▶ _AVAILABLE RECORDS_:
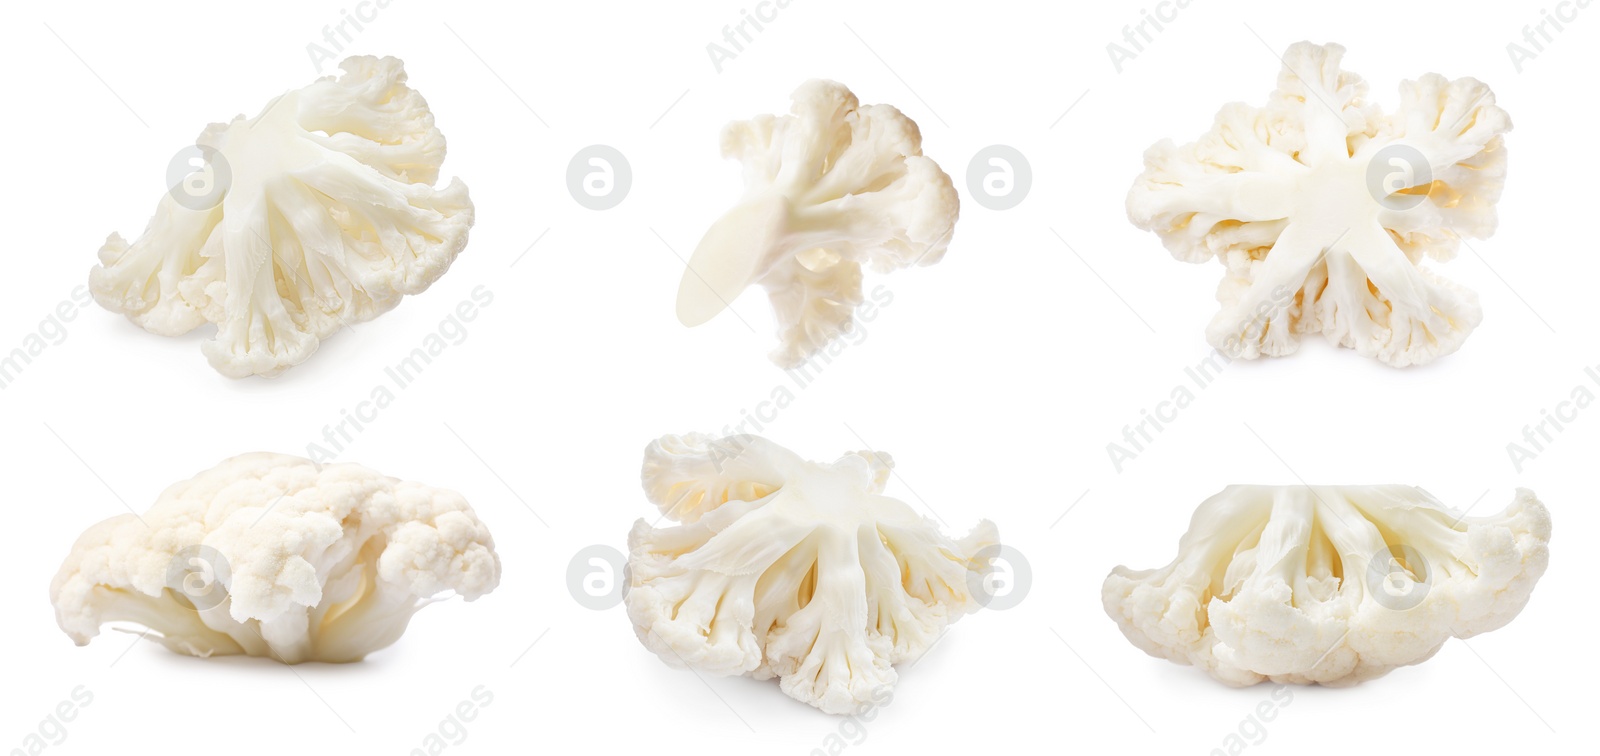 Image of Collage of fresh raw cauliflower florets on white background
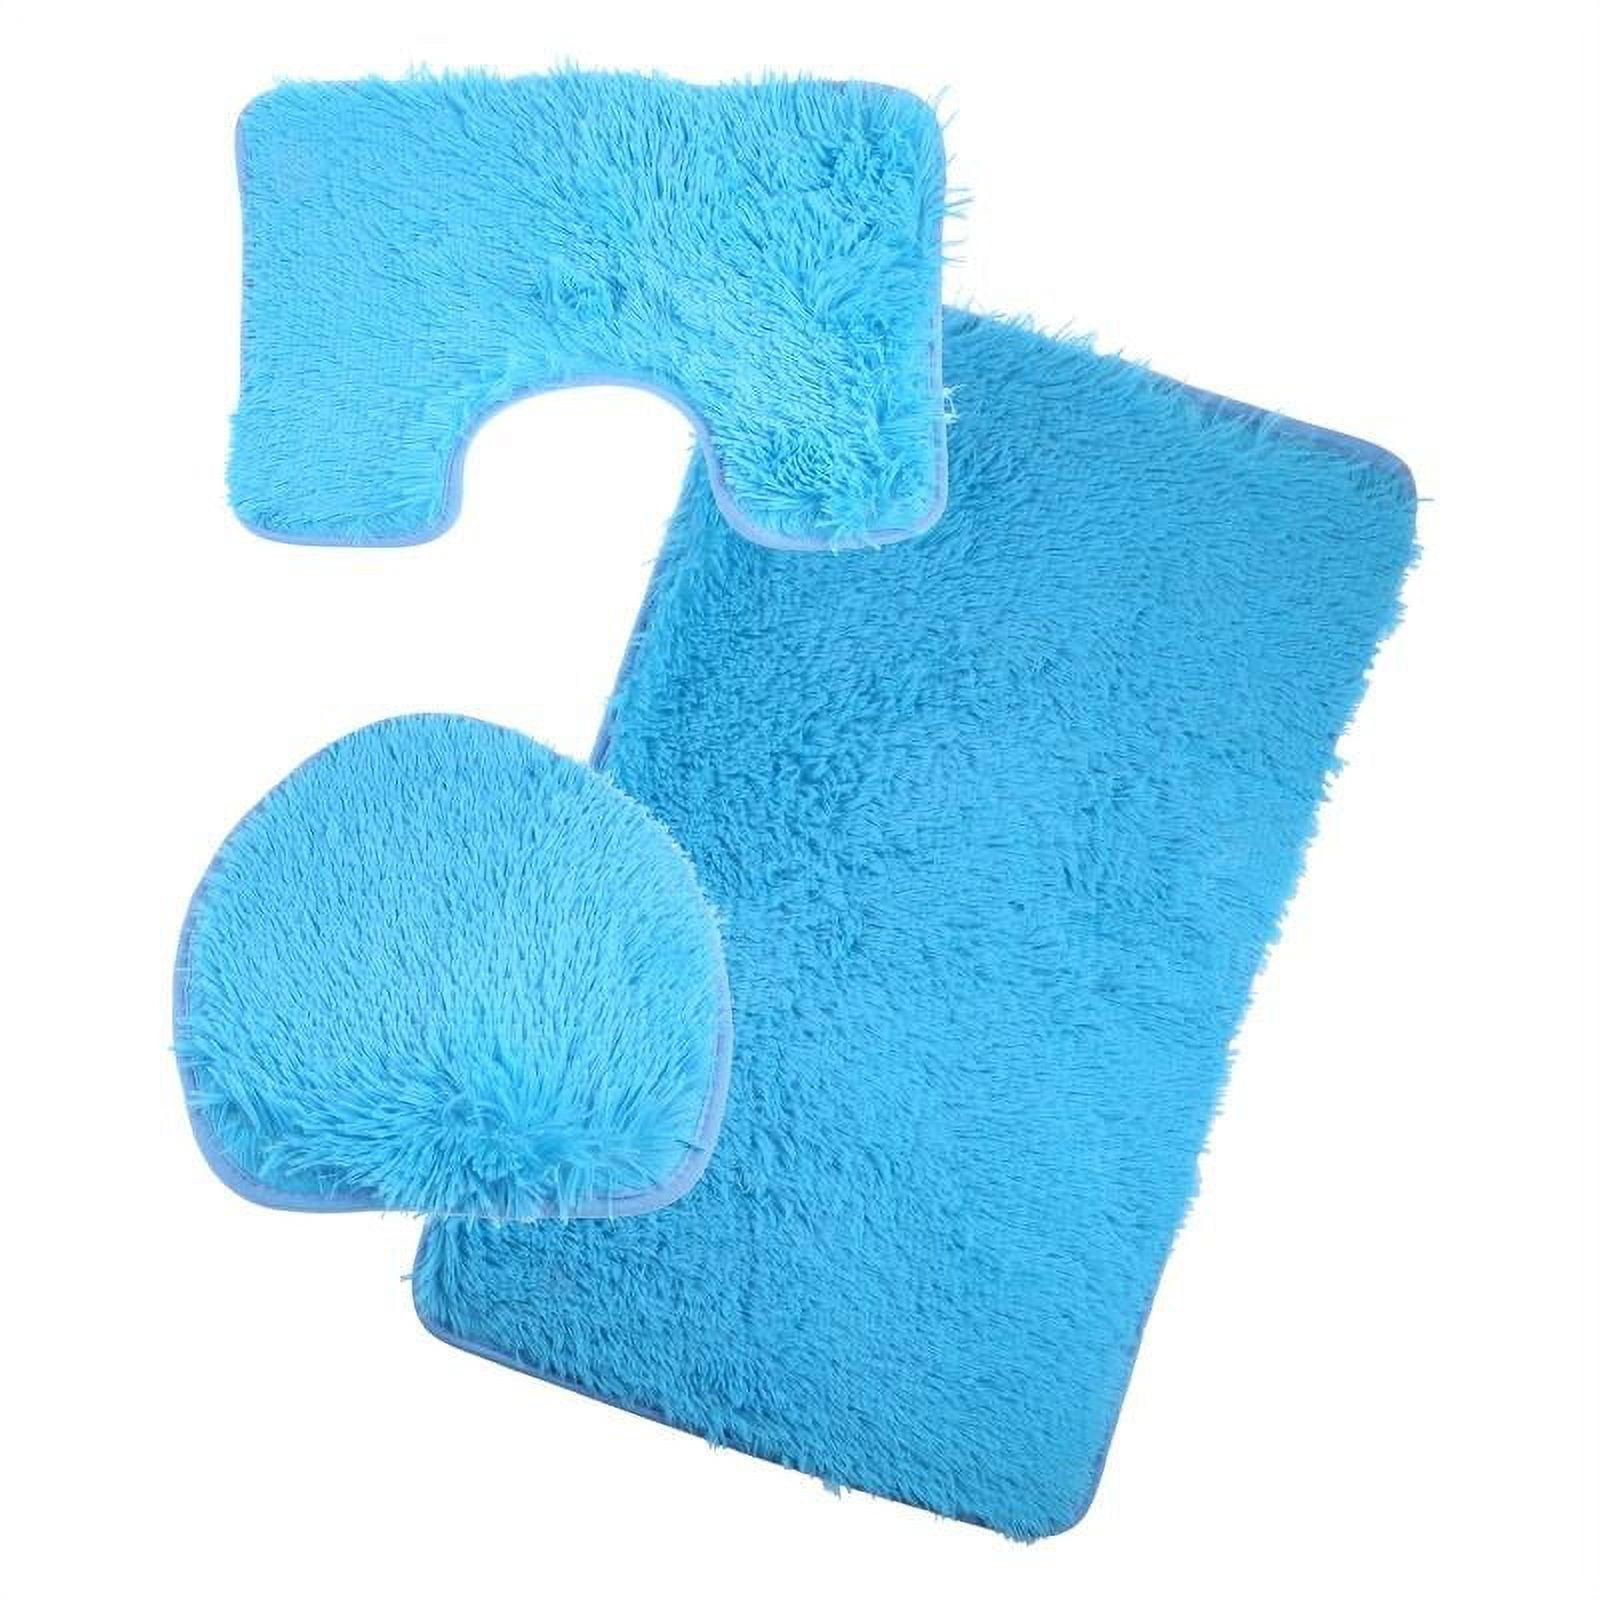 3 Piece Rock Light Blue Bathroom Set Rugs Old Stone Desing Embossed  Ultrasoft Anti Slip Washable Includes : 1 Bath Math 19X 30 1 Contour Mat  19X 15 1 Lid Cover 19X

--

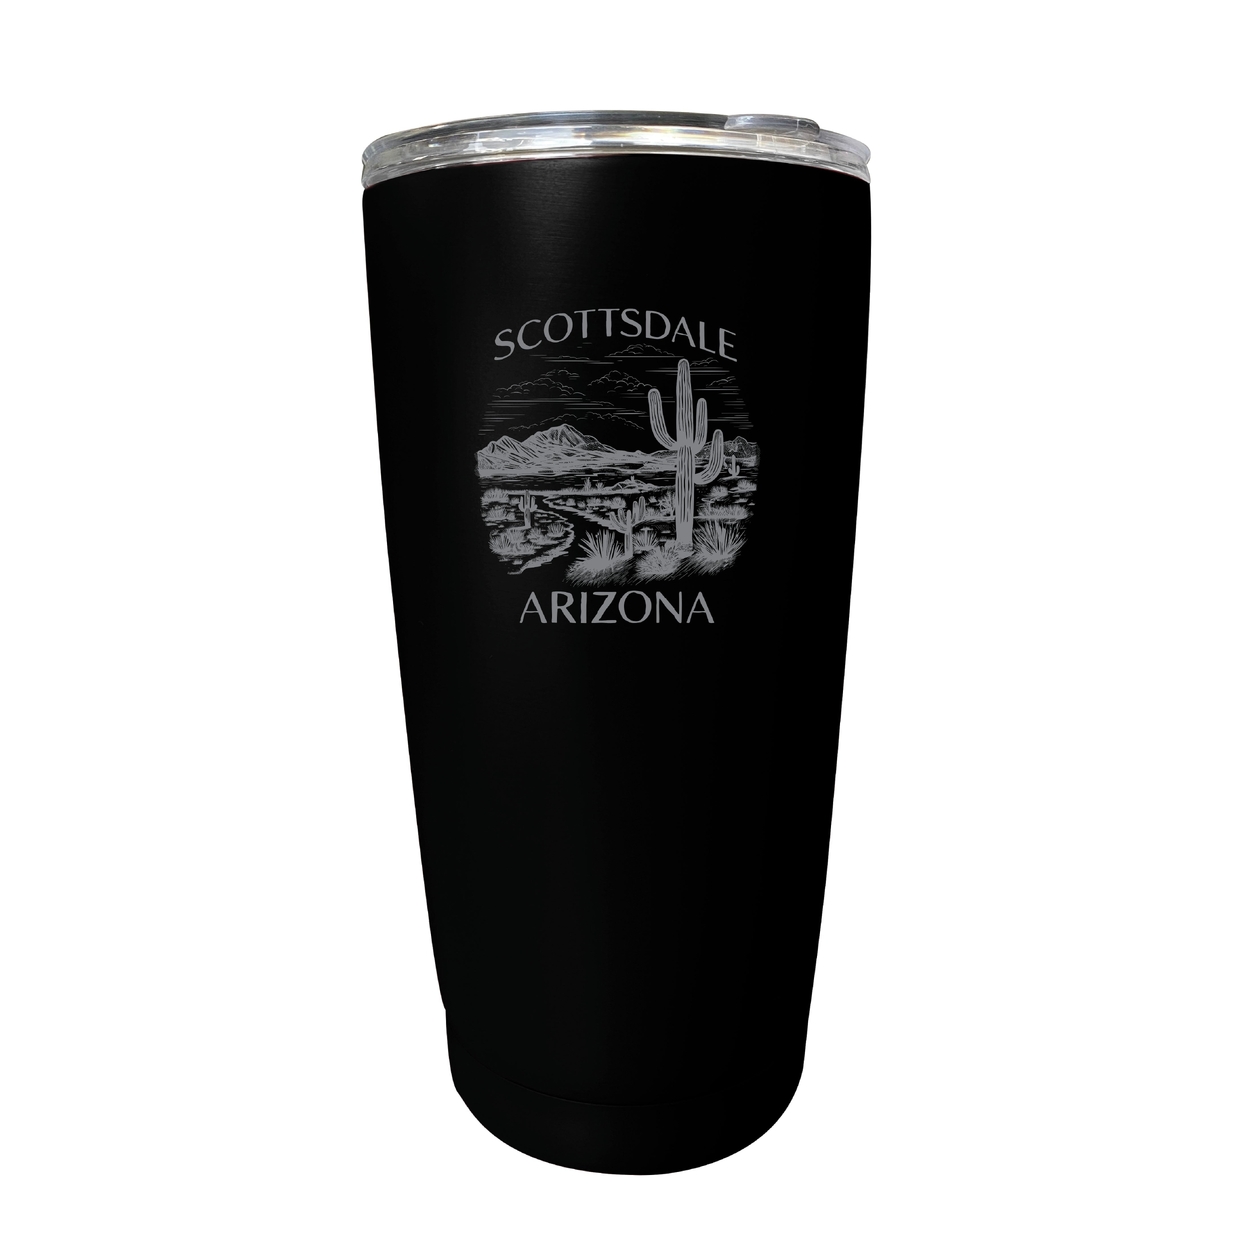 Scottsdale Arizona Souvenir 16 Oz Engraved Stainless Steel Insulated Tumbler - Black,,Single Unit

▶ _WHAT YOU WILL DO_:
What's needed is an exact copy of the records above from the line containing "Image of Collage" down to the line containing "3 Piece Rock", both included, without any pictures.

▶ _TASK RESULT_:
 Image of Collage of fresh raw cauliflower florets on white background
 3 Piece Rock Light Blue Bathroom Set Rugs Old Stone Desing Embossed  Ultrasoft Anti Slip Washable Includes : 1 Bath Math 19X 30 1 Contour Mat  19X 15 1 Lid Cover 19X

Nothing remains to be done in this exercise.